[Opening Extracted data section]
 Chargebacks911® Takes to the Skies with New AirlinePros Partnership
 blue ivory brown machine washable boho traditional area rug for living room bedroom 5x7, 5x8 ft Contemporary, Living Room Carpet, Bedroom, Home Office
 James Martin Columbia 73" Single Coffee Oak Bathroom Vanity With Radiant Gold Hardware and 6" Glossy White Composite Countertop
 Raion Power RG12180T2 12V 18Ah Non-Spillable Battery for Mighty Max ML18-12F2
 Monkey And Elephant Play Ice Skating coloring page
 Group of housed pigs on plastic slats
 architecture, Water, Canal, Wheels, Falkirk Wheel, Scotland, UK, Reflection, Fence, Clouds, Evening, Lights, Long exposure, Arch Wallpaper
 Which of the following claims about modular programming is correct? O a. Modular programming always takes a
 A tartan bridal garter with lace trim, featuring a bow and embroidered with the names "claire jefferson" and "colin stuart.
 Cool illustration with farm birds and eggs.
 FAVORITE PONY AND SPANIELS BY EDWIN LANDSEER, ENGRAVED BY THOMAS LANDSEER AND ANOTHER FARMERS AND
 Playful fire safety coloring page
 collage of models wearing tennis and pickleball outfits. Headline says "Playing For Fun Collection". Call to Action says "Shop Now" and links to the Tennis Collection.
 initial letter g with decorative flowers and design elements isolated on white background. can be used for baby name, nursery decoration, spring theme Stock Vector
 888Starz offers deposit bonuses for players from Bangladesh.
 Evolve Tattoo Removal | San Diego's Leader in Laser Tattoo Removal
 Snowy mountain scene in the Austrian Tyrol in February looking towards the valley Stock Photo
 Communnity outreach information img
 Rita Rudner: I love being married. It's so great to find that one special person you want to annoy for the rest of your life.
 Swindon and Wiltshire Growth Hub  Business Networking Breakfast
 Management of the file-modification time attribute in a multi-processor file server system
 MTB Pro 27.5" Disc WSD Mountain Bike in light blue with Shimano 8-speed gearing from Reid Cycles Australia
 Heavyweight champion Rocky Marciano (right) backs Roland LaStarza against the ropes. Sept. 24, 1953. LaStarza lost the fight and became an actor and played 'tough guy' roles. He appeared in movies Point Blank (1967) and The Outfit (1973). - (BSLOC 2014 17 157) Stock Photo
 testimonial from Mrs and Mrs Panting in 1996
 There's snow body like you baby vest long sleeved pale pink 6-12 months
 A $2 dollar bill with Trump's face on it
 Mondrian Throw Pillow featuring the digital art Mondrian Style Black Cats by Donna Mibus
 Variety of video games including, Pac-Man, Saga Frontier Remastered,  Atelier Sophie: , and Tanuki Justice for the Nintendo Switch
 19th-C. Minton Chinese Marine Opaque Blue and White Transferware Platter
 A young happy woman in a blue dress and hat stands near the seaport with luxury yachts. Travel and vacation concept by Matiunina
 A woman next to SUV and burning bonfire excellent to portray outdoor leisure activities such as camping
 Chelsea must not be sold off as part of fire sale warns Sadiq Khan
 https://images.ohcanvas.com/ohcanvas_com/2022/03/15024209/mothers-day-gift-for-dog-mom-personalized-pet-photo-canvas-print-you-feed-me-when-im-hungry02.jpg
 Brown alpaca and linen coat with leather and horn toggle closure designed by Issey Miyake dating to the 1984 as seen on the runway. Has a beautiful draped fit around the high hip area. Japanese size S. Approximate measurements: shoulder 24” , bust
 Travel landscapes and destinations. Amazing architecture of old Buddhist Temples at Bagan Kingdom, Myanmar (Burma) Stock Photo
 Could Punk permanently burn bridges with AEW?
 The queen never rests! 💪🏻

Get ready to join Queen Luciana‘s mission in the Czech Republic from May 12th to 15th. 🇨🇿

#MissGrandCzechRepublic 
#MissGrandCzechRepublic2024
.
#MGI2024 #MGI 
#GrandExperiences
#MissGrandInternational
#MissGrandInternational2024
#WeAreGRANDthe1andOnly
[Closing Extracted data section]
**What is being asked:** Every line above is to be duplicated exactly as shown.

**Task response:**
 Chargebacks911® Takes to the Skies with New AirlinePros Partnership
 blue ivory brown machine washable boho traditional area rug for living room bedroom 5x7, 5x8 ft Contemporary, Living Room Carpet, Bedroom, Home Office
 James Martin Columbia 73" Single Coffee Oak Bathroom Vanity With Radiant Gold Hardware and 6" Glossy White Composite Countertop
 Raion Power RG12180T2 12V 18Ah Non-Spillable Battery for Mighty Max ML18-12F2
 Monkey And Elephant Play Ice Skating coloring page
 Group of housed pigs on plastic slats
 architecture, Water, Canal, Wheels, Falkirk Wheel, Scotland, UK, Reflection, Fence, Clouds, Evening, Lights, Long exposure, Arch Wallpaper
 Which of the following claims about modular programming is correct? O a. Modular programming always takes a
 A tartan bridal garter with lace trim, featuring a bow and embroidered with the names "claire jefferson" and "colin stuart.
 Cool illustration with farm birds and eggs.
 FAVORITE PONY AND SPANIELS BY EDWIN LANDSEER, ENGRAVED BY THOMAS LANDSEER AND ANOTHER FARMERS AND
 Playful fire safety coloring page
 collage of models wearing tennis and pickleball outfits. Headline says "Playing For Fun Collection". Call to Action says "Shop Now" and links to the Tennis Collection.
 initial letter g with decorative flowers and design elements isolated on white background. can be used for baby name, nursery decoration, spring theme Stock Vector
 888Starz offers deposit bonuses for players from Bangladesh.
 Evolve Tattoo Removal | San Diego's Leader in Laser Tattoo Removal
 Snowy mountain scene in the Austrian Tyrol in February looking towards the valley Stock Photo
 Communnity outreach information img
 Rita Rudner: I love being married. It's so great to find that one special person you want to annoy for the rest of your life.
 Swindon and Wiltshire Growth Hub  Business Networking Breakfast
 Management of the file-modification time attribute in a multi-processor file server system
 MTB Pro 27.5" Disc WSD Mountain Bike in light blue with Shimano 8-speed gearing from Reid Cycles Australia
 Heavyweight champion Rocky Marciano (right) backs Roland LaStarza against the ropes. Sept. 24, 1953. LaStarza lost the fight and became an actor and played 'tough guy' roles. He appeared in movies Point Blank (1967) and The Outfit (1973). - (BSLOC 2014 17 157) Stock Photo
 testimonial from Mrs and Mrs Panting in 1996
 There's snow body like you baby vest long sleeved pale pink 6-12 months
 A $2 dollar bill with Trump's face on it
 Mondrian Throw Pillow featuring the digital art Mondrian Style Black Cats by Donna Mibus
 Variety of video games including, Pac-Man, Saga Frontier Remastered,  Atelier Sophie: , and Tanuki Justice for the Nintendo Switch
 19th-C. Minton Chinese Marine Opaque Blue and White Transferware Platter
 A young happy woman in a blue dress and hat stands near the seaport with luxury yachts. Travel and vacation concept by Matiunina
 A woman next to SUV and burning bonfire excellent to portray outdoor leisure activities such as camping
 Chelsea must not be sold off as part of fire sale warns Sadiq Khan
 https://images.ohcanvas.com/ohcanvas_com/2022/03/15024209/mothers-day-gift-for-dog-mom-personalized-pet-photo-canvas-print-you-feed-me-when-im-hungry02.jpg
 Brown alpaca and linen coat with leather and horn toggle closure designed by Issey Miyake dating to the 1984 as seen on the runway. Has a beautiful draped fit around the high hip area. Japanese size S. Approximate measurements: shoulder 24” , bust
 Travel landscapes and destinations. Amazing architecture of old Buddhist Temples at Bagan Kingdom, Myanmar (Burma) Stock Photo
 Could Punk permanently burn bridges with AEW?
 The queen never rests! 💪🏻

Get ready to join Queen Luciana‘s mission in the Czech Republic from May 12th to 15th. 🇨🇿

#MissGrandCzechRepublic 
#MissGrandCzechRepublic2024
.
#MGI2024 #MGI 
#GrandExperiences
#MissGrandInternational
#MissGrandInternational2024
#WeAreGRANDthe1andOnly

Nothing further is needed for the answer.